Records

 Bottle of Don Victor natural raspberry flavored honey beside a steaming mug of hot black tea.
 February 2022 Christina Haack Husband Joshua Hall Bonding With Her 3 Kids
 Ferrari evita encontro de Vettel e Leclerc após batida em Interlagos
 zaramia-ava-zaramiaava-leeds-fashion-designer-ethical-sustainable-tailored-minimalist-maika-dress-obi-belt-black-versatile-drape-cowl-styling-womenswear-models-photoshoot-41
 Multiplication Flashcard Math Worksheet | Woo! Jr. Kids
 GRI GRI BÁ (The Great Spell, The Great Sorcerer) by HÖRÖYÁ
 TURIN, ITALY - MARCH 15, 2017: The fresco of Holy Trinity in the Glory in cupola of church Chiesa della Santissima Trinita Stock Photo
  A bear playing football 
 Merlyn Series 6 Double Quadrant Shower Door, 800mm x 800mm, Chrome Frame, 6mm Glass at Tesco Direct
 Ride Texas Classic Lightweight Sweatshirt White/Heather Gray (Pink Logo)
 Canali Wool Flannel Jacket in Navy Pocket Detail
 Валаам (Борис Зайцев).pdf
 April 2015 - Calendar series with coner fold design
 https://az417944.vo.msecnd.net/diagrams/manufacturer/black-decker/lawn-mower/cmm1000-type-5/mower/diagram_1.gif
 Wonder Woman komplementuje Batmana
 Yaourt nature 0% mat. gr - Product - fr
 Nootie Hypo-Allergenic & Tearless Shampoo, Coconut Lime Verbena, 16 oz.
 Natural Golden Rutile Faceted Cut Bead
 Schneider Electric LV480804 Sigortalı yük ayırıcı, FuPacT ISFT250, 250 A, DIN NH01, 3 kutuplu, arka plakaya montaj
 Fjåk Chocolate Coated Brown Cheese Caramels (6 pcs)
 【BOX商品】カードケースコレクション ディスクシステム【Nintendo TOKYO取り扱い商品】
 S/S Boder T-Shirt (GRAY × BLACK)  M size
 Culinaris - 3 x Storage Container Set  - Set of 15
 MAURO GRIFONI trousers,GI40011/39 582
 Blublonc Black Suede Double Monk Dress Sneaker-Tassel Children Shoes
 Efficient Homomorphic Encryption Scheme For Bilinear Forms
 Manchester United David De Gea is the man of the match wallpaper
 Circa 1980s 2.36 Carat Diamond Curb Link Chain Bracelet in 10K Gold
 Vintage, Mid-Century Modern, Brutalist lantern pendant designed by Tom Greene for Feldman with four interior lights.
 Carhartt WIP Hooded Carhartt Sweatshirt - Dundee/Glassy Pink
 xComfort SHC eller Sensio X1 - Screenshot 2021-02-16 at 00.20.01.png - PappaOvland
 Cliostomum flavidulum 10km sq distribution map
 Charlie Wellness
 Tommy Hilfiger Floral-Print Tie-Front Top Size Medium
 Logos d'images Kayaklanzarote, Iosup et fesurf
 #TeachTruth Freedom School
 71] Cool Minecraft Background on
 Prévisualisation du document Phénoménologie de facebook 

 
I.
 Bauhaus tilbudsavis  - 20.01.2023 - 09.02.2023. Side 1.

Assignment
Beginning at the first line of the records, give again each line exactly as written, ending with the line that contains "Culinaris - 3".

Exercise output
 Bottle of Don Victor natural raspberry flavored honey beside a steaming mug of hot black tea.
 February 2022 Christina Haack Husband Joshua Hall Bonding With Her 3 Kids
 Ferrari evita encontro de Vettel e Leclerc após batida em Interlagos
 zaramia-ava-zaramiaava-leeds-fashion-designer-ethical-sustainable-tailored-minimalist-maika-dress-obi-belt-black-versatile-drape-cowl-styling-womenswear-models-photoshoot-41
 Multiplication Flashcard Math Worksheet | Woo! Jr. Kids
 GRI GRI BÁ (The Great Spell, The Great Sorcerer) by HÖRÖYÁ
 TURIN, ITALY - MARCH 15, 2017: The fresco of Holy Trinity in the Glory in cupola of church Chiesa della Santissima Trinita Stock Photo
  A bear playing football 
 Merlyn Series 6 Double Quadrant Shower Door, 800mm x 800mm, Chrome Frame, 6mm Glass at Tesco Direct
 Ride Texas Classic Lightweight Sweatshirt White/Heather Gray (Pink Logo)
 Canali Wool Flannel Jacket in Navy Pocket Detail
 Валаам (Борис Зайцев).pdf
 April 2015 - Calendar series with coner fold design
 https://az417944.vo.msecnd.net/diagrams/manufacturer/black-decker/lawn-mower/cmm1000-type-5/mower/diagram_1.gif
 Wonder Woman komplementuje Batmana
 Yaourt nature 0% mat. gr - Product - fr
 Nootie Hypo-Allergenic & Tearless Shampoo, Coconut Lime Verbena, 16 oz.
 Natural Golden Rutile Faceted Cut Bead
 Schneider Electric LV480804 Sigortalı yük ayırıcı, FuPacT ISFT250, 250 A, DIN NH01, 3 kutuplu, arka plakaya montaj
 Fjåk Chocolate Coated Brown Cheese Caramels (6 pcs)
 【BOX商品】カードケースコレクション ディスクシステム【Nintendo TOKYO取り扱い商品】
 S/S Boder T-Shirt (GRAY × BLACK)  M size
 Culinaris - 3 x Storage Container Set  - Set of 15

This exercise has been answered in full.